When I’m on the street delivering, I work distraction free mostly. I “play” my job like a video game. Me clearing levels (neighborhoods) avoiding obstacles (& chatty people), using extreme accuracy ninja skills, all before the clock runs out! And I go home when I’m done.

All of my quirks and skills are a perfect match. I never get bored and get in trouble (well…aside from being awkward and distracting in the office…boss says “headphones!” so I don’t get distracted). I get to work most of my day alone and outside with a clock ticking (helps the procrastination tendency).

So I would say my “disability” helps make the job more interesting, and lets me be my goofy nervous social-spazz self. I can hyper focus on matching names and addresses. I am not distracted most of the day (unless flowers or cute bugs or dogs and wildlife….one customer sat in his driveway where I couldn’t see him, and I’m quietly watching a spider stalking a fly on the mailbox for a couple long moments…and I’m talking to the mailbox…and I see the man out of the corner of my eye and blurt out “there’s a spider stalking a fly!” And then I get anxious and awkward and quickly drive away….”). The emotion that is the most bothersome for me is anxiety. I’m working on it. My coworkers are supportive when I need to be “talked off the ledge” on tough days.

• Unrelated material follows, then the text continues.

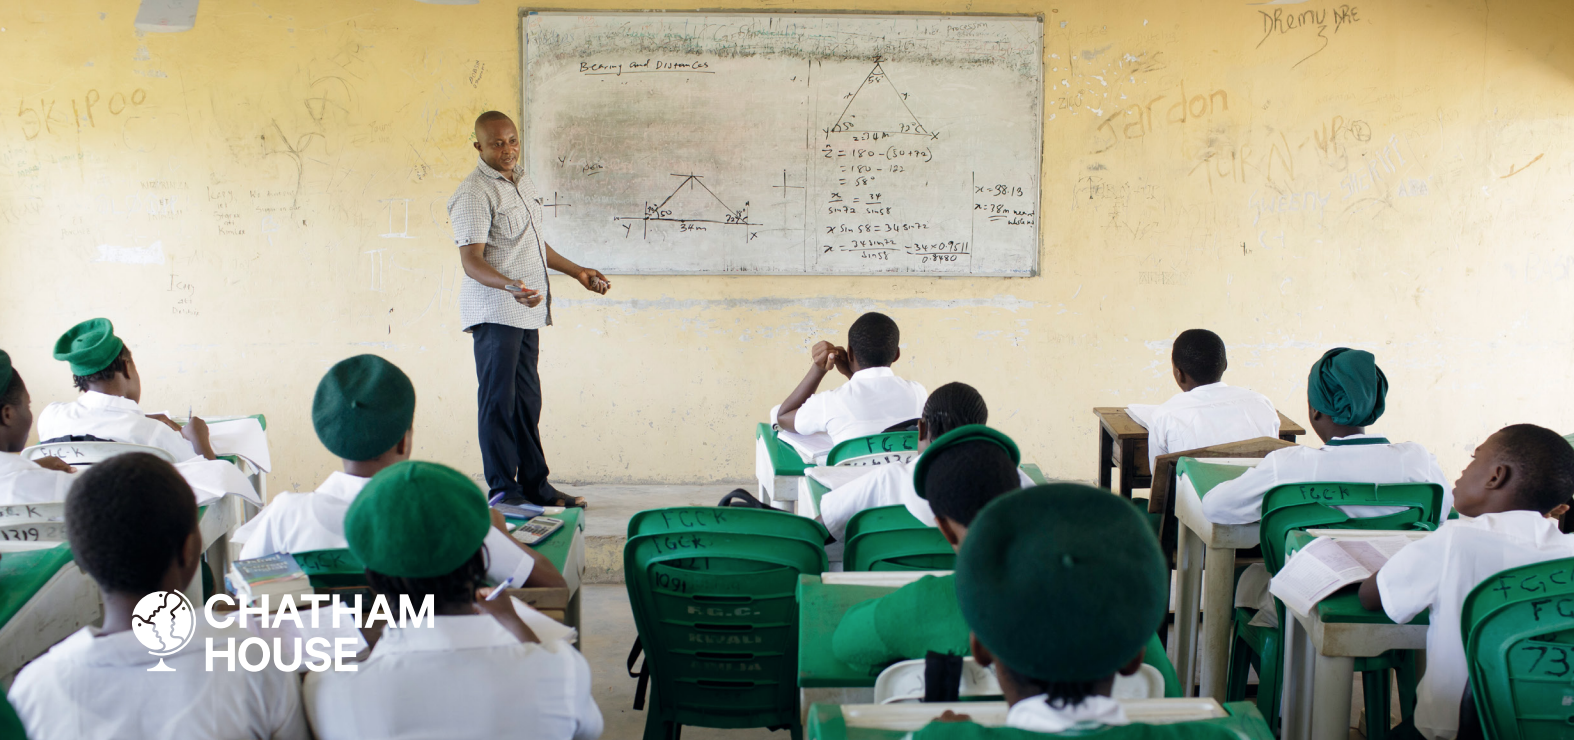 Pass-mark bribery in Nigerian schools

Maybe this insight will help. It’s tough and exhausting pretending or finding stuff to do at a job to kill time. Uuuuuggggghhhhh….. I’m happy I found a match that lets me be me finally. (& we could use more help!) *wink wink*

lodopo profile image
lodopo

There are so many reasons people can struggle with adhd symptoms.

The struggle is real!

Stigma is real.

Shame is real bad.

We have good days and bad days.

People are quick to blame stuff on adhd.

If you go to your employer and tell them you have adhd -some will amplify everything and treat you inappropriately. Every mistake you might make will be labeled adhd ( potentially).

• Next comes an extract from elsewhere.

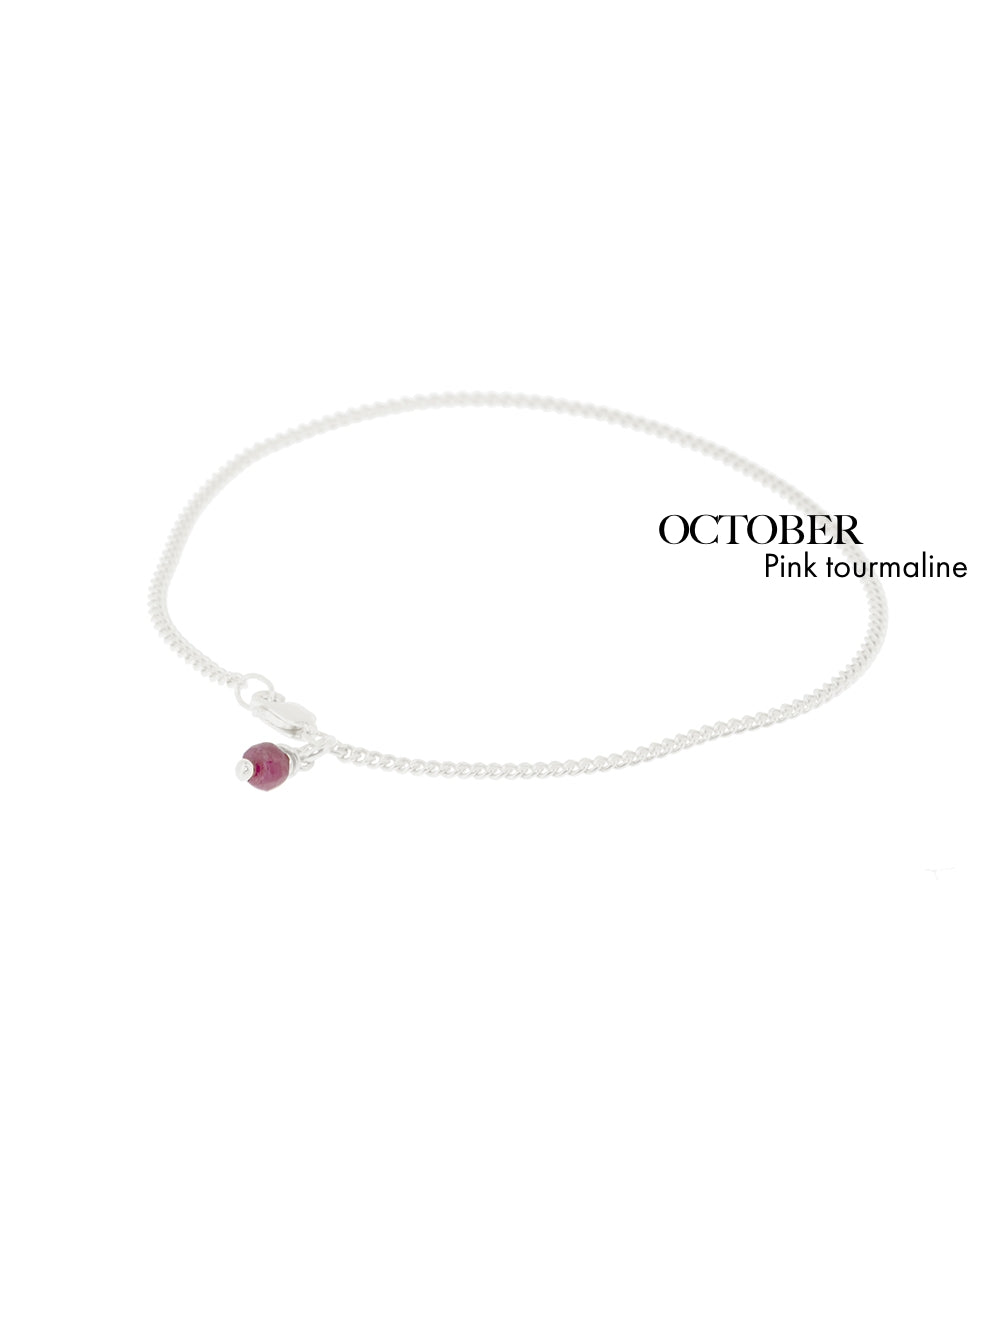 Birthstone October - Pink Tourmaline | 925 Sterling Silver

Be very good to yourself always, but don't expect employers to understand your adhd. Potentially they will hold it against you.

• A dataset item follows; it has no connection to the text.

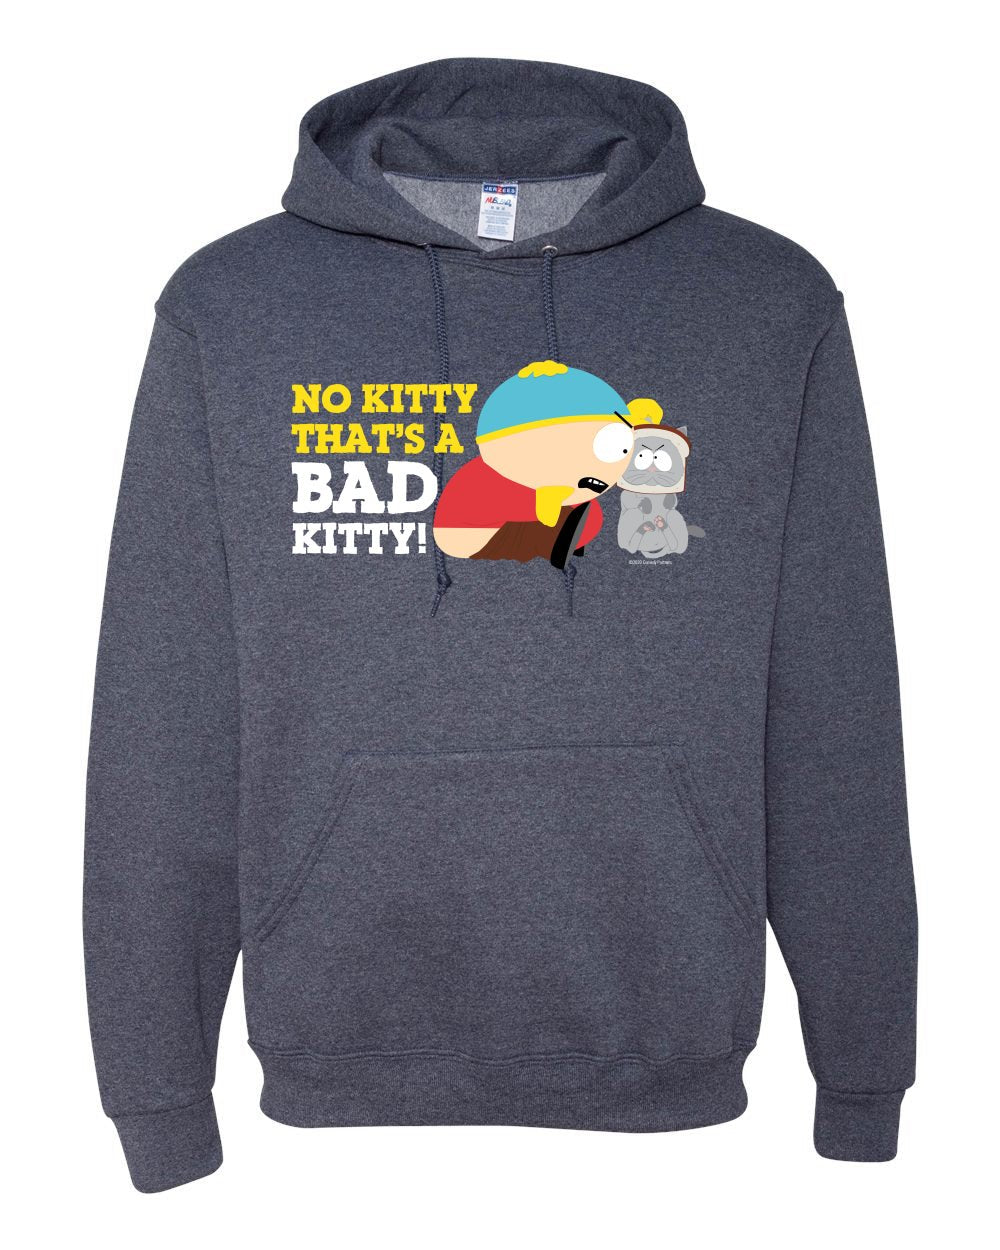 South Park Cartman Bad Kitty Graphic Hooded Sweatshirt - Paramount Shop

Divulge very cautiously if at all. Maybe they don't need to know.

wtfadhd profile image
wtfadhd

Thank you for all the replies n opinions n perspectives. Im considering all that was said❤️

Zimmy Zimmy hit the nail on the head. When I was in my 20's and early 30's I was a wildland firefighter, and for those who know something about this line of work, a Hotshot for 4 of those years. It was the perfect job for someone with ADHD....lots of physically demanding work, a harsh fitness routine that rivaled Olympic athletic training (we burned 10,000 to 12,000 calories a day when on wildfires) lots of adrenaline, lots of changing situations so little boredom, and it was something I was really into, so there was so much to learn. It suited me well. As a woman however, even in my early 30's, it was getting harder to maintain my high level of fitness---I was already starting to lose muscle. So I left the job favorably, and took an office job. HOLY CRAP, that was hard, Luckily, the company I worked for had a founder and CEO who was an avid outdoorsy person, and it was deemed 'OK' to workout at lunch and just throw on your work clothes back on after and go back to work. So that's what I did to keep my ADHD in check and it mostly worked, but....they boredom and the repetition drove me nuts. Nothing about it was too engaging, after the initial learning curve. I also had a job as a manager of a nonprofit, and that was a lot of hands on, field going work, working my butt off. It was a good match, but the stress from helping underprivileged young adults with so much trauma, the fights and threat of violence caused me toxic stress, so I had to leave that job. My point is: Find a job and/or employer that suits you better, as this job does not seem like it does, but only you know that. If you are good with tech and need less structure, try working for Google.

wtfadhd profile image
wtfadhd

yep- did the hot shot route in AZ when i was a young 20… fun stuff for sure!! . it was a great fit. i was single- no kids n undiagnosed. ahh the good ol days! lol

the emotional dysregulation, and sensory thing is my now my big issue n late 40’s . addy n my amish upbringing help the organizational piece… still struggling.